We need not consider questions (1) and (3) because the answer to (2) is dispositive of the case.
In order for appellant to have standing to raise the issue of an unlawful arrest, the sole prerequisite is that he claim a proprietary or possessory interest in the searched or seized property. Simpson v. United States, 346 F.2d 291 (10th Cir.1965). In Simpson, supra, the Tenth Circuit Court of Appeals gave such standing to a defendant because he claimed "a possessory interest in the car and his lack of ownership was not established until after the search." (emphasis ours) Here, lack of ownership was established with reasonable certainty before the search, thus distinguishing it from the Simpson case.
In approaching the problem of standing, the origin and nature of the rule concerning suppression should be noted. Evidence is suppressed or excluded only if the same was obtained by a violation of the Fourth Amendment, designed to protect a person's right to privacy and property. Evidence sought to be excluded is admissible, however, until the accused has established that his rights under the rule have been invaded. Murray v. United States, 333 F.2d 409 (10 Cir.1964). See Jones v. United States, 362 U.S. 257, 80 S. Ct. 725, 4 L. Ed. 2d 697 (1960).
Therefore, it is entirely proper to require of one who seeks to challenge the legality of a search as a basis for suppressing relevant evidence that he alleges, and if the allegation be disputed that he establish, that he himself was a victim of an invasion of privacy. Under this philosophy, the appellant has no standing because he was not a victim of an invasion of privacy. To give a person standing who neither alleges nor establishes a proprietary nor possessory interest in the car and who, in fact, was without ownership therein, so determined before the search was made, would clearly be an extension beyond the scope that the constitutional protection was intended to cover.
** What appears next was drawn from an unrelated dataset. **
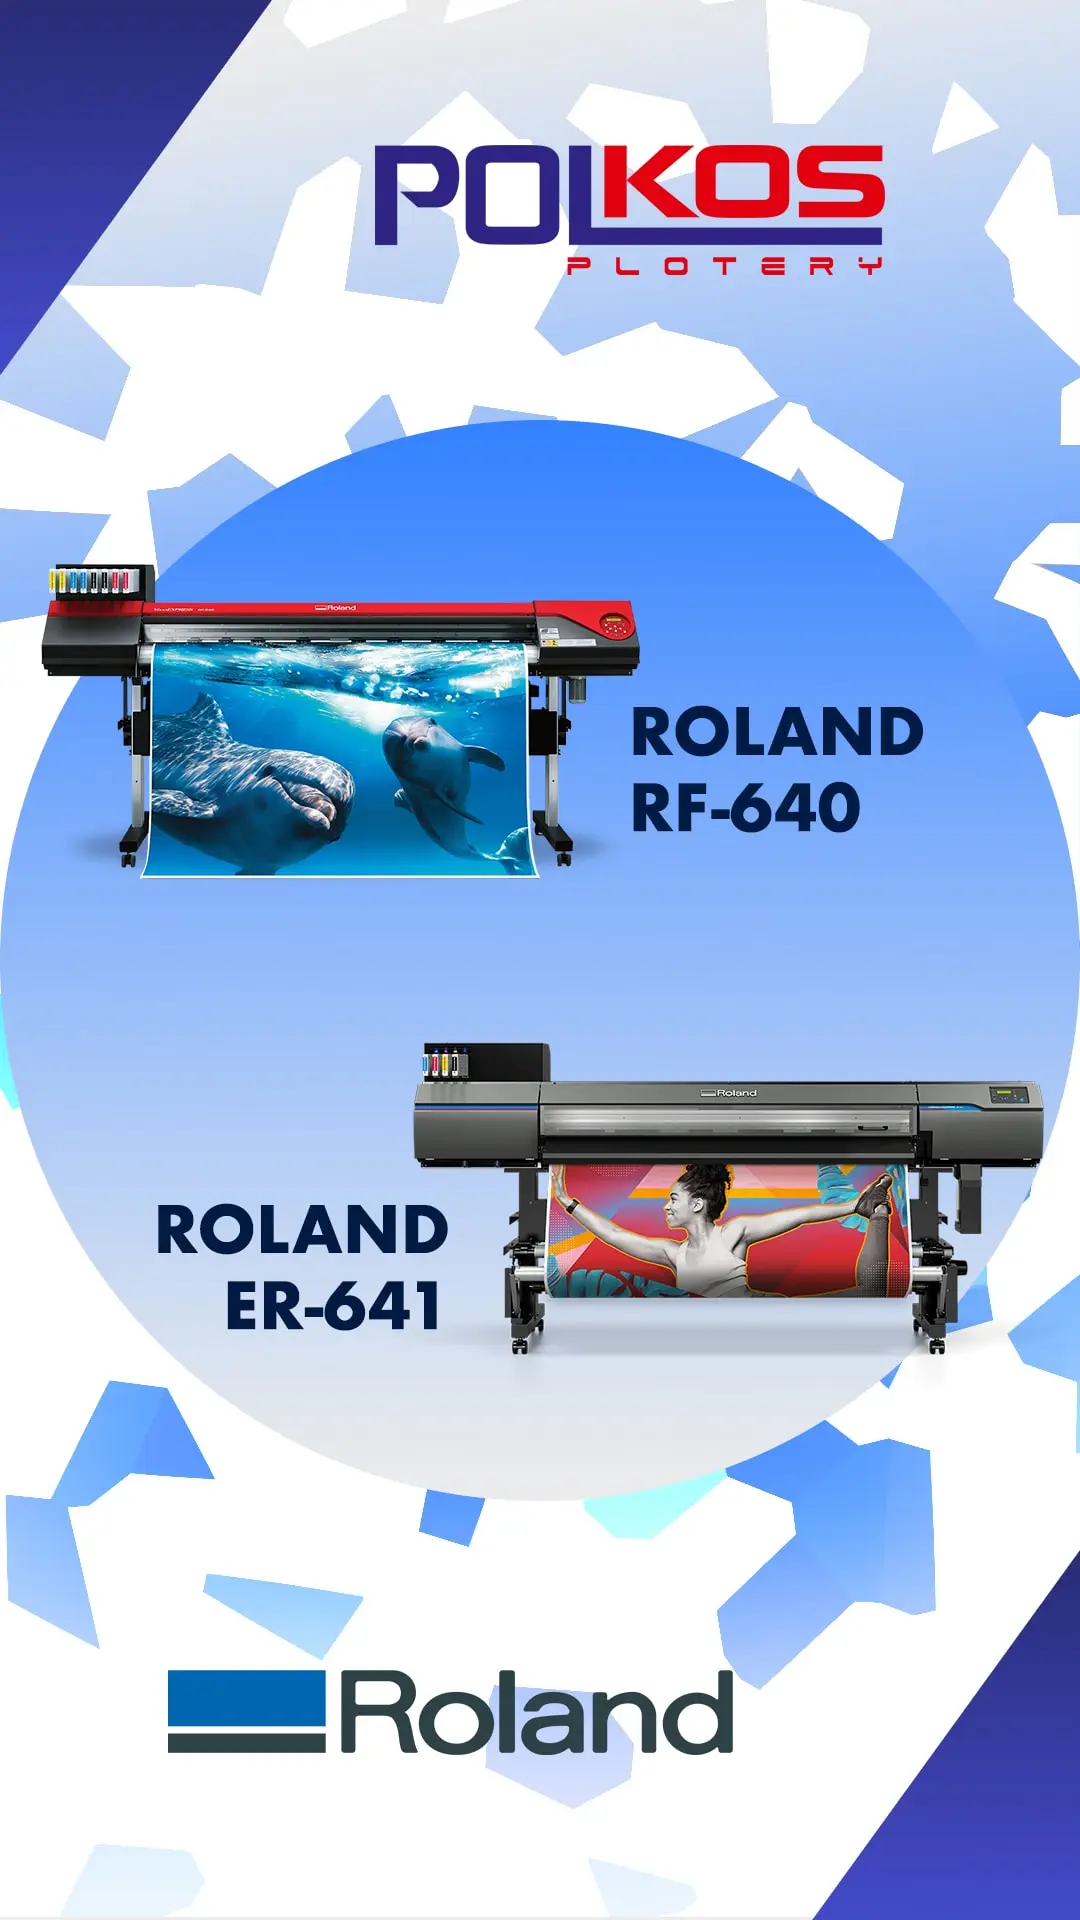 Roland RF-640 VS Roland ER-641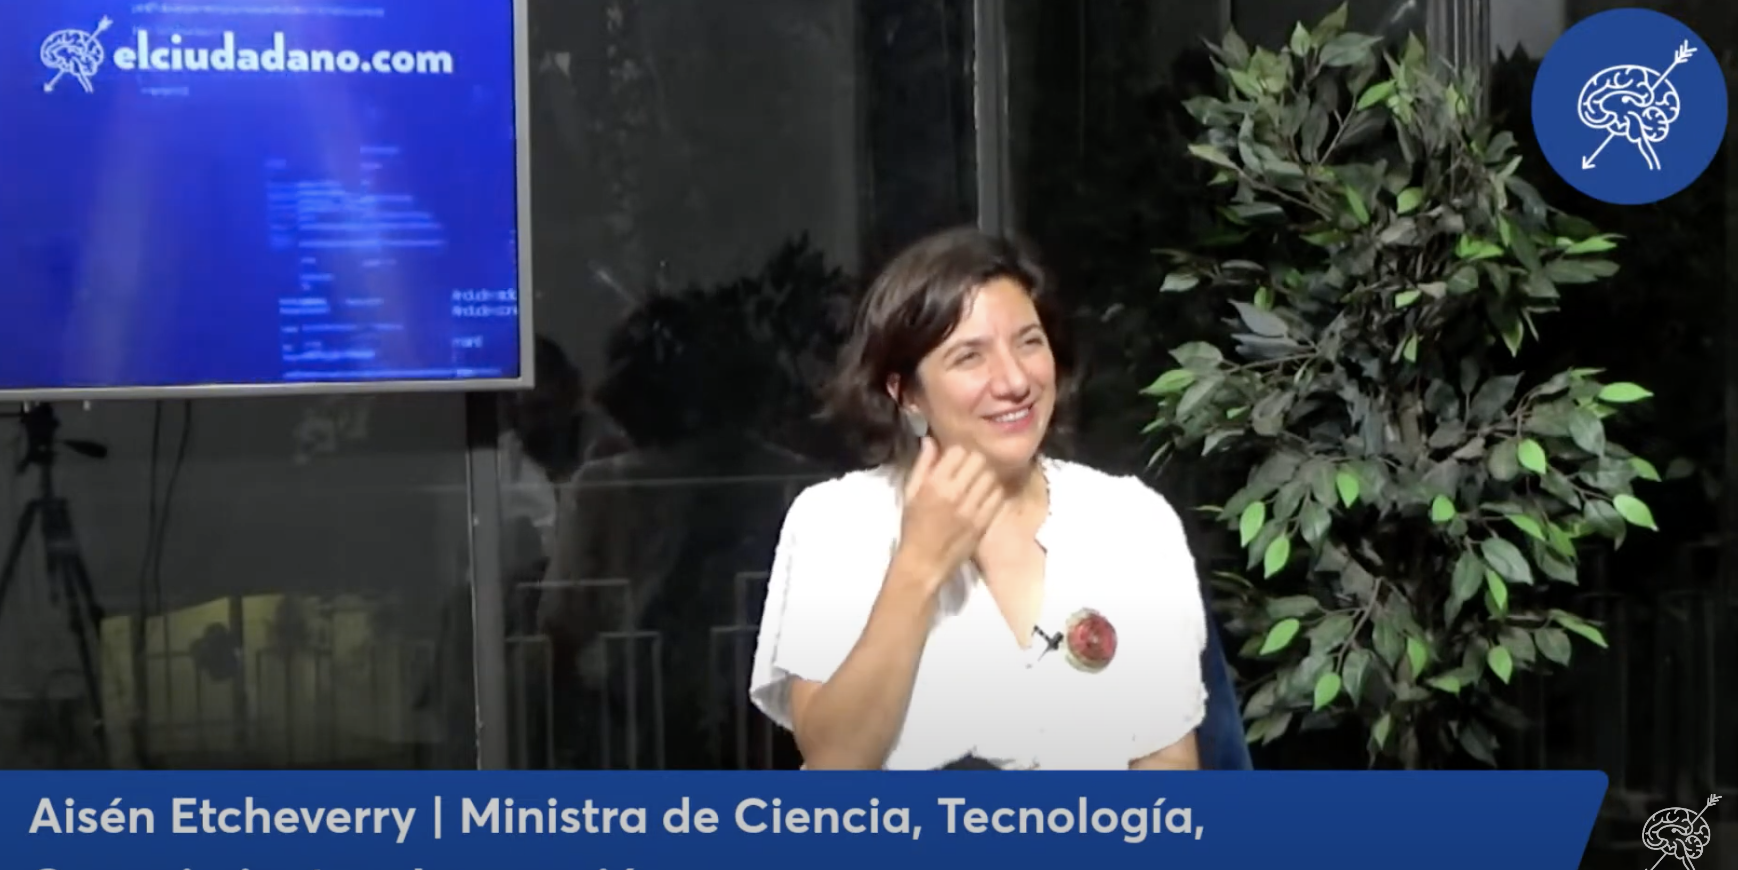 Aisén Etcheverry, Ministra de Ciencia, Tecnología, Conocimiento e Innovación: “Soy usuaria de Chat GPT”

Courts are diligent in preventing the lowering of barriers which protect the individual liberties of our citizens, but in the exercise of this diligence the personal and property rights of members of the public should not be completely overlooked for the benefit of those who have no regard for either.
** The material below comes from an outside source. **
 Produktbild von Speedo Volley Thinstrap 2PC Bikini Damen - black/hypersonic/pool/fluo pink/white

The appellant says the verdict of guilty on the charge of grand larceny should be dismissed because the appellant was also convicted of the crime of robbery. We agree, since grand larceny is an included offense. State v. Donovan, 77 Utah 343, 294 P. 1108 (1931).
The appellant's contention that the trial court erred in allowing the state to present evidence which tended to prove the commission of another, unrelated crime is without merit. The testimony admitted which established that the appellant had embezzled or stolen the car which he was driving at the time of his arrest was relevant to the issue of whether the appellant had standing to object to the unlawful search and seizure and the testimony also tended to show a scheme or plan associated with the principal crime charged. Thus, such evidence was admissible.
The appellant's final assault on the trial court's judgment is based on a contention that the trial court erred in admitting into evidence the articles found in the car appellant was driving. They were properly admitted because they tended to show the pattern of the crime committed and connect the appellant to the robbery on the basis of similar modus operandi and intent.
Finally, appellant contends it was improper to admit into evidence the bottles containing narcotics which appellant's mother found in her car. The appellant states that although there was evidence that the drugs came from the drug store that was robbed, there was no showing that they were taken during the robbery. This simply is a refusal to acknowledge the extensive evidence to the contrary.
For the reasons above enumerated, we affirm the decision of the trial court, except as to the grand larceny charge, the judgment on the jury's verdict as to that offense being ordered vacated.
HENRIOD, C.J., and McDONOUGH, CROCKETT and WADE, JJ., concur.